Switching costs will be high because onboarding these agents requires ingesting and organizing so much data. Just like with new employees, a “training cost” still exists. Humans must verify agents are doing the job correctly during this onboarding, and behavior may vary slightly between agent providers. No company fires their whole workforce every couple months, retrains a whole new team, and expects identical performance immediately. You won’t swap agent providers for the same reason.

These products will not be one-size-fits-all. Different work needs different intelligence, and labs can build a price ladder around this. A lab selling agent products will offer cheaper models for call center work, more expensive ones for financial analysis, and maybe even frontier models for novel research. All the models will perform similarly on tau-bench, but not on a quantum physics exam.

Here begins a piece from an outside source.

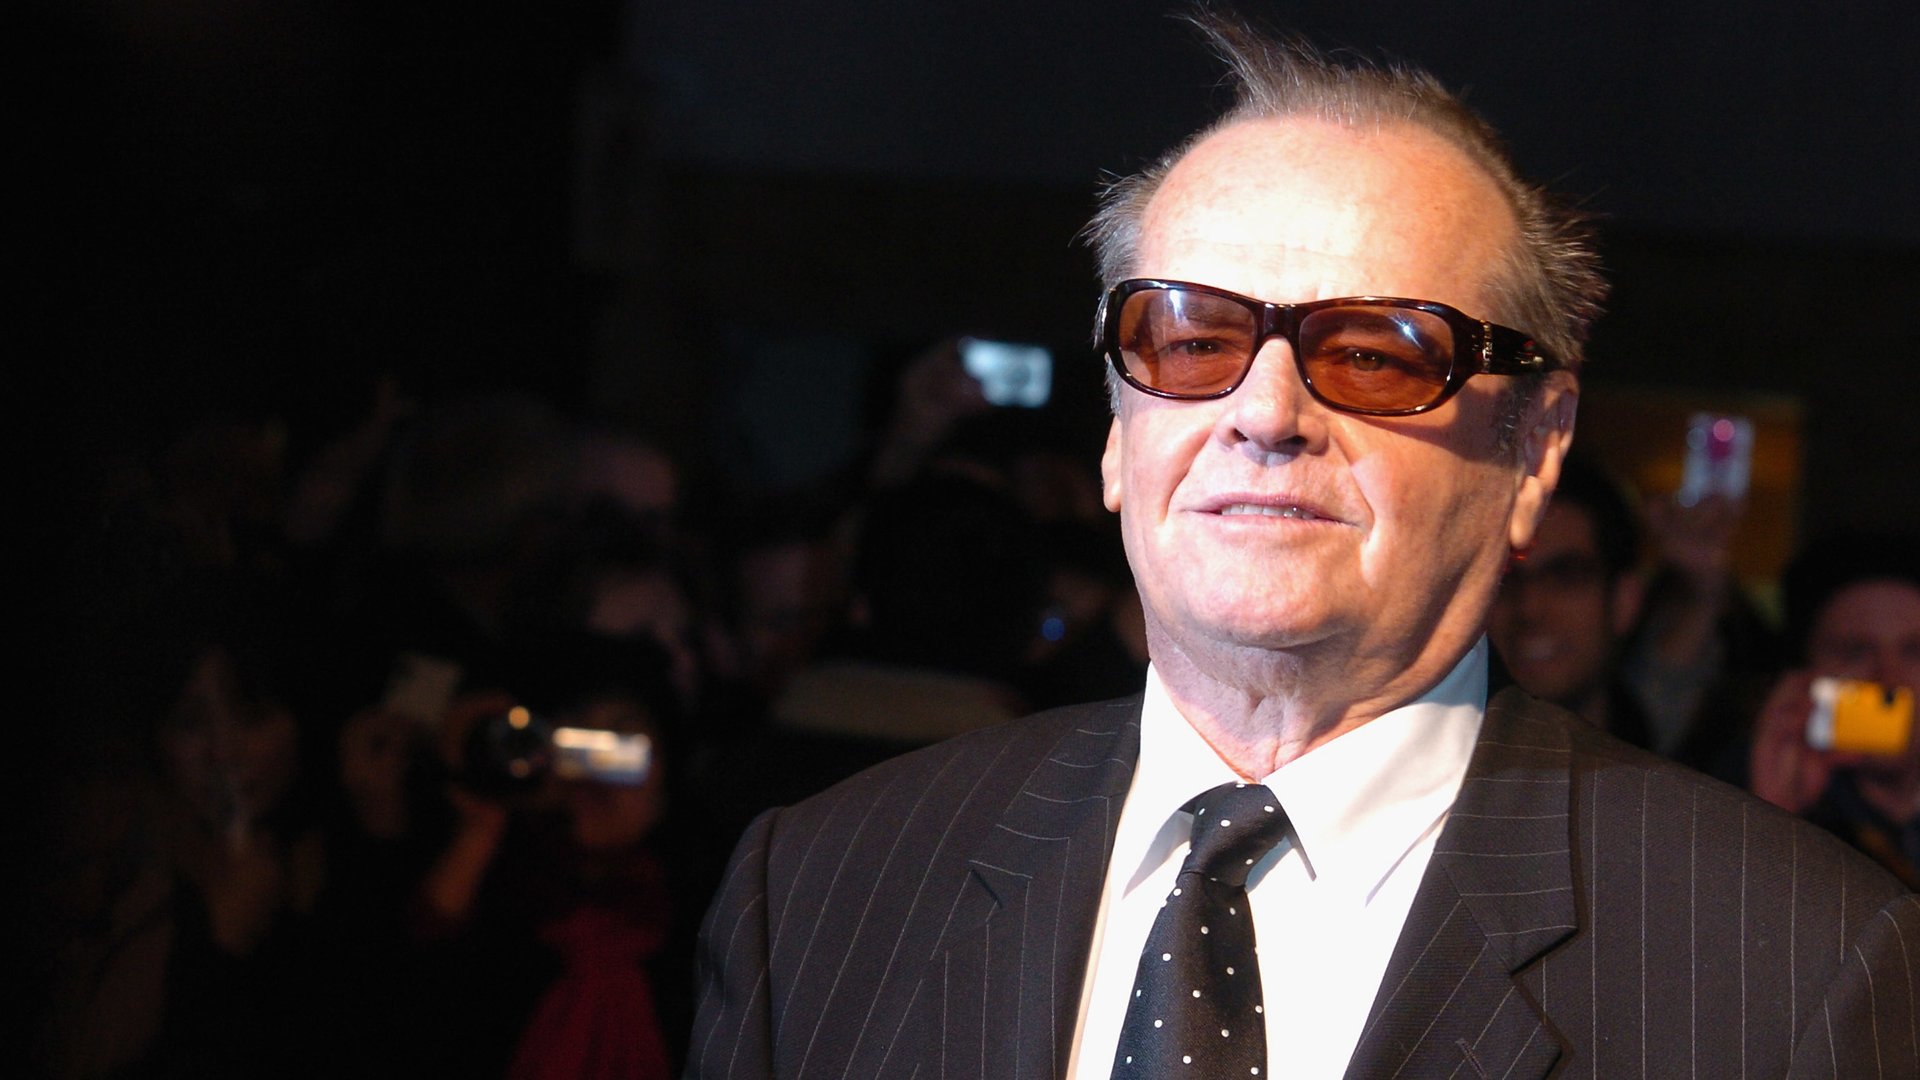 #Seit 12 Jahren keine Filme mehr: Was macht Hollywood-Star Jack Nicholson heute?

A big objection to all of this is distillation. If any model can be approximated via distillation, customers can just swap an API key and capture the same work at lower cost. This won’t work as well for agent-in-a-box products. Distillation works for approximating model behavior, and maybe the open source community can replicate the harness, but the nature of a modular approach means it will be difficult to optimize across the whole stack. The vertical approach of “our compute, our model, our harness” will be easier to cost-optimize.

Among current labs, Google is best positioned structurally. It’s the only lab that owns chips, data centers, models, and a distribution channel into Workspace and Cloud: every layer of the stack. While Google is still catching up on agentic products, they have a bit of time before this product category is mature. I anticipate OpenAI and Anthropic will build the first products.

Sufficient intelligence is already here. Sufficient agency is right around the corner. Once the labs build a sufficiently intelligent agent that any company can buy, onboard, and integrate into their workforce, they’ve cracked the code on turning tokens into economic productivity.